Post date: Mar 21, 2011 9:20:19 PM
Nissan delivers its first mass produced, one hundred percent electric car to UK customers, as Japanese manufacturers re-start production after the country's earthquake and tsunami.
WALTHAM ABBEY, HERTFORDSHIRE, ENGLAND (MARCH 21, 2011) REUTERS - The first British customers for Nissan's new electric LEAF vehicle were able to pick up their cars from the showroom on Monday (March 21), despite Japanese car manufacturers struggling with production in the wake of the country's recent earthquake and tsunami.
Japan, reeling from a humanitarian and nuclear crisis after the 9.0 magnitude earthquake, is a key supplier to the global auto industry.In the UK, Richard Todd was the first British customer to place an order for the zero emission LEAF when the books opened last September.
"I've always wanted an electric car. I love the technology. I think it's very important to encourage the manufacturers that if they produce these cars people will buy them but also there's a big environmental plus here. There's no local emissions and the power that's generated is much more efficient," he said.
Todd was attracted to the car's environmental credentials.
"You can plug it in at home and you charge it overnight, every night. Every morning you've got the full hundred miles, or 110 miles plus range, and most of the time there's absolutely no issue that you are going to get where you want to go," he said.
Nissan said the five-seater hatchback was rated with a range of 200 km (124 miles) on a full charge under Japanese test standards, although Californian authorities have rated it at 160 km (100 miles) and another U.S. agency at just 73 miles.
More than 300 of the pre-sold vehicles will be handed over to their British owners in the next two weeks. But with Japan's disrupted supply chain, it may be some time before any new customers can get hold of the vehicle.
The three mayor Japanese carmakers, Toyota, Honda and Nissan were forced to halt production temporarily, but Nissan restarted limited operations at five plants in Japan on Monday.
The company said it would resume production of repair parts and parts for overseas manufacturing at its Oppama, Tochigi, Yokohama, Kyushu and Nissan Shatai plants.
Vehicle production is planned to start on Thursday (March 24) and will continue while supplies last, it said.
"Well the issue for us in Japan at the moment is that our production facilities are pretty much OK," said Nissan's European boss Paul Willcocks in the UK on Monday.
"We have one engine plant that is not resuming production, so all the other factories are pretty much online.
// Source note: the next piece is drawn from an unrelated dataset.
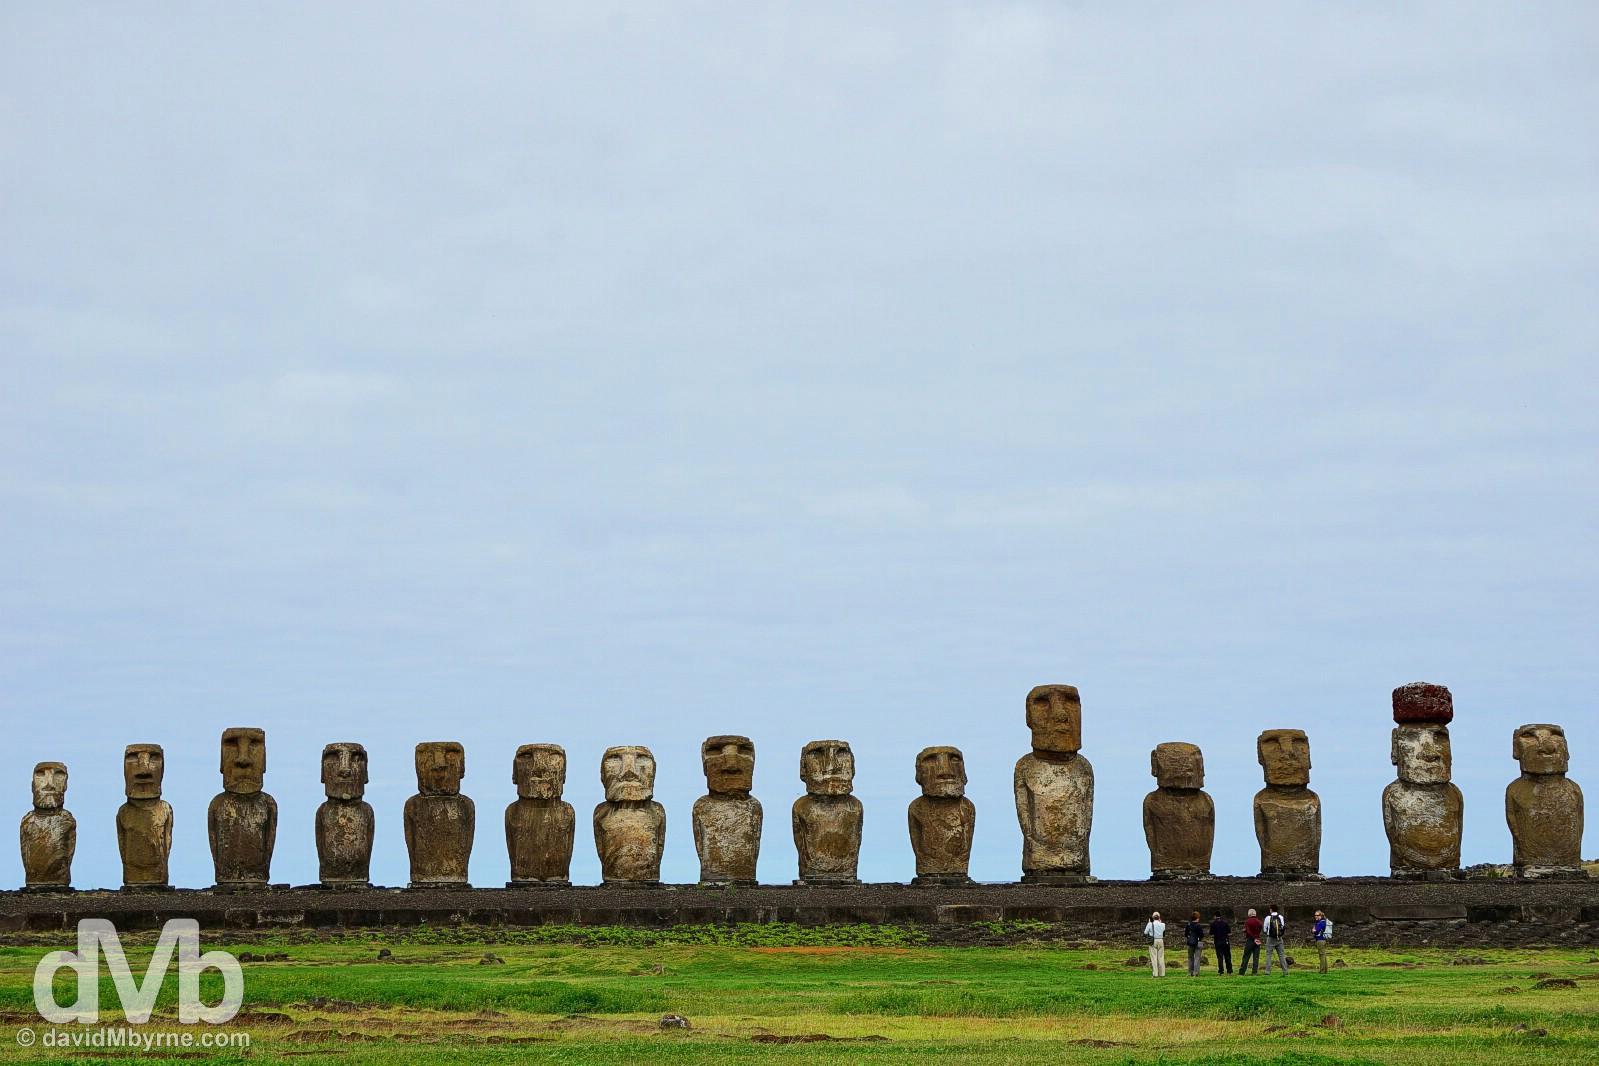 The moai of Ahu Tongariki on Easter Island, Chile. September 29, 2016.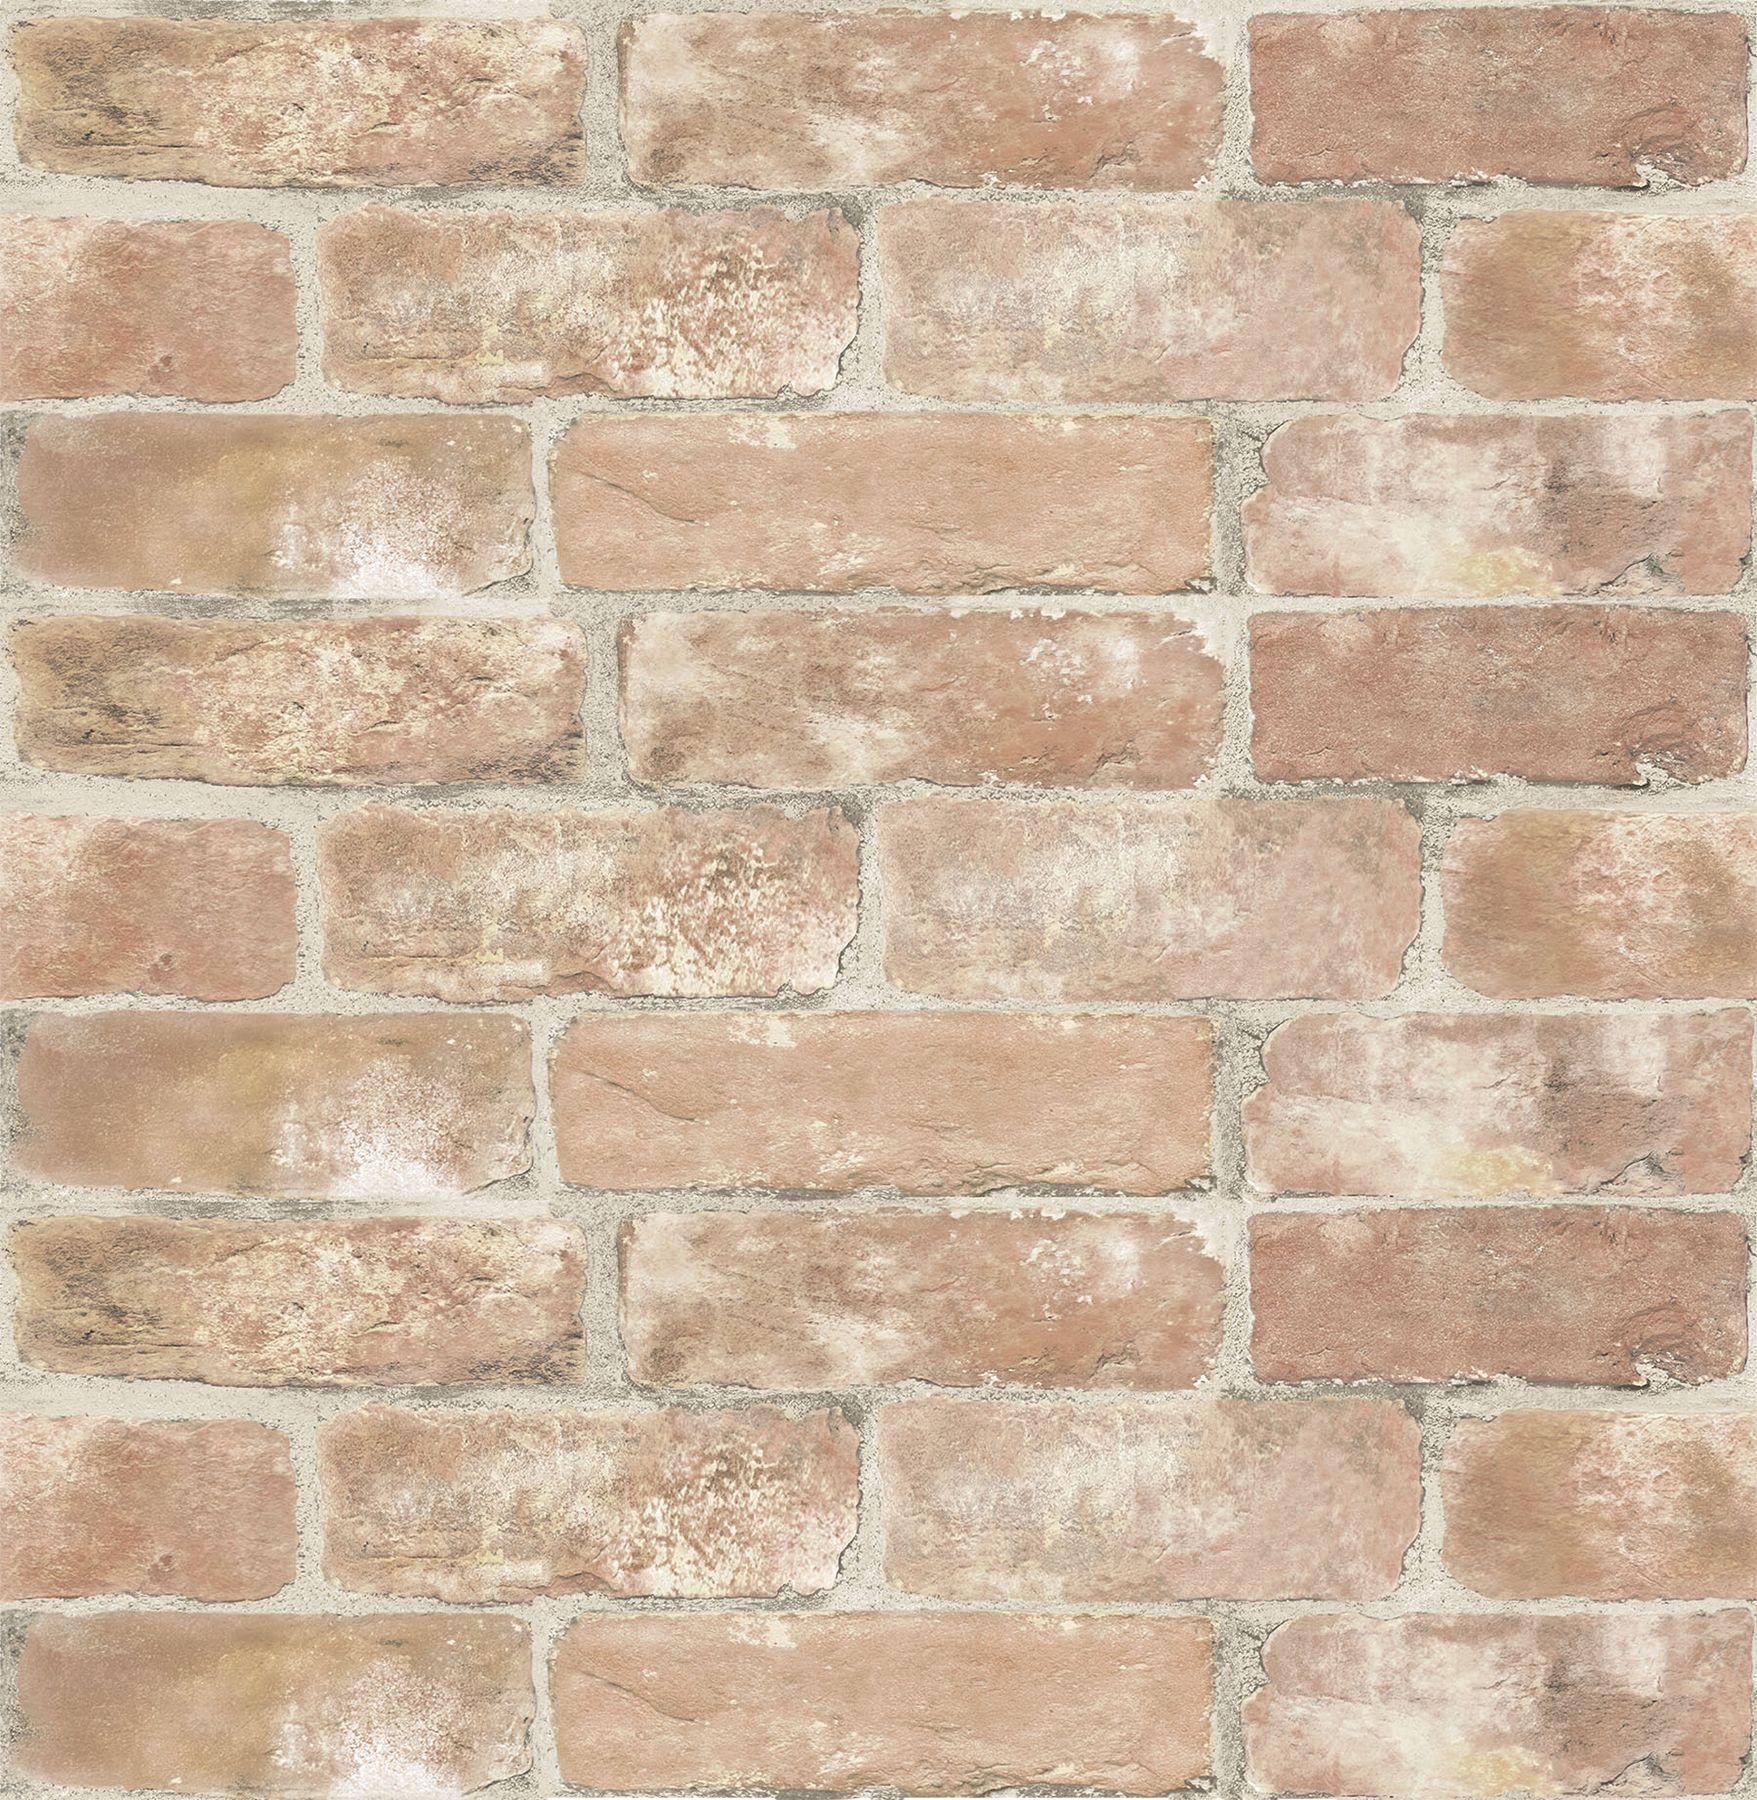 Inhome Old Town Brick Peel Stick Wallpaper Walmart Com In 2020 Brick Wallpaper Peel And Stick Wallpaper Red Brick Wallpaper

The issue though for us, we are very uncertain at the moment is over the supply chain. Not only tier one supplies, so the component supplies, but also the suppliers to those, the tier two suppliers, we're not completely certain. So in the short-term we don't believe there will be much disruption, mid term we're still assessing the position and obviously we may need to re-source," he said.
Nissan makes about 22 percent of its vehicles in Japan, including the LEAF.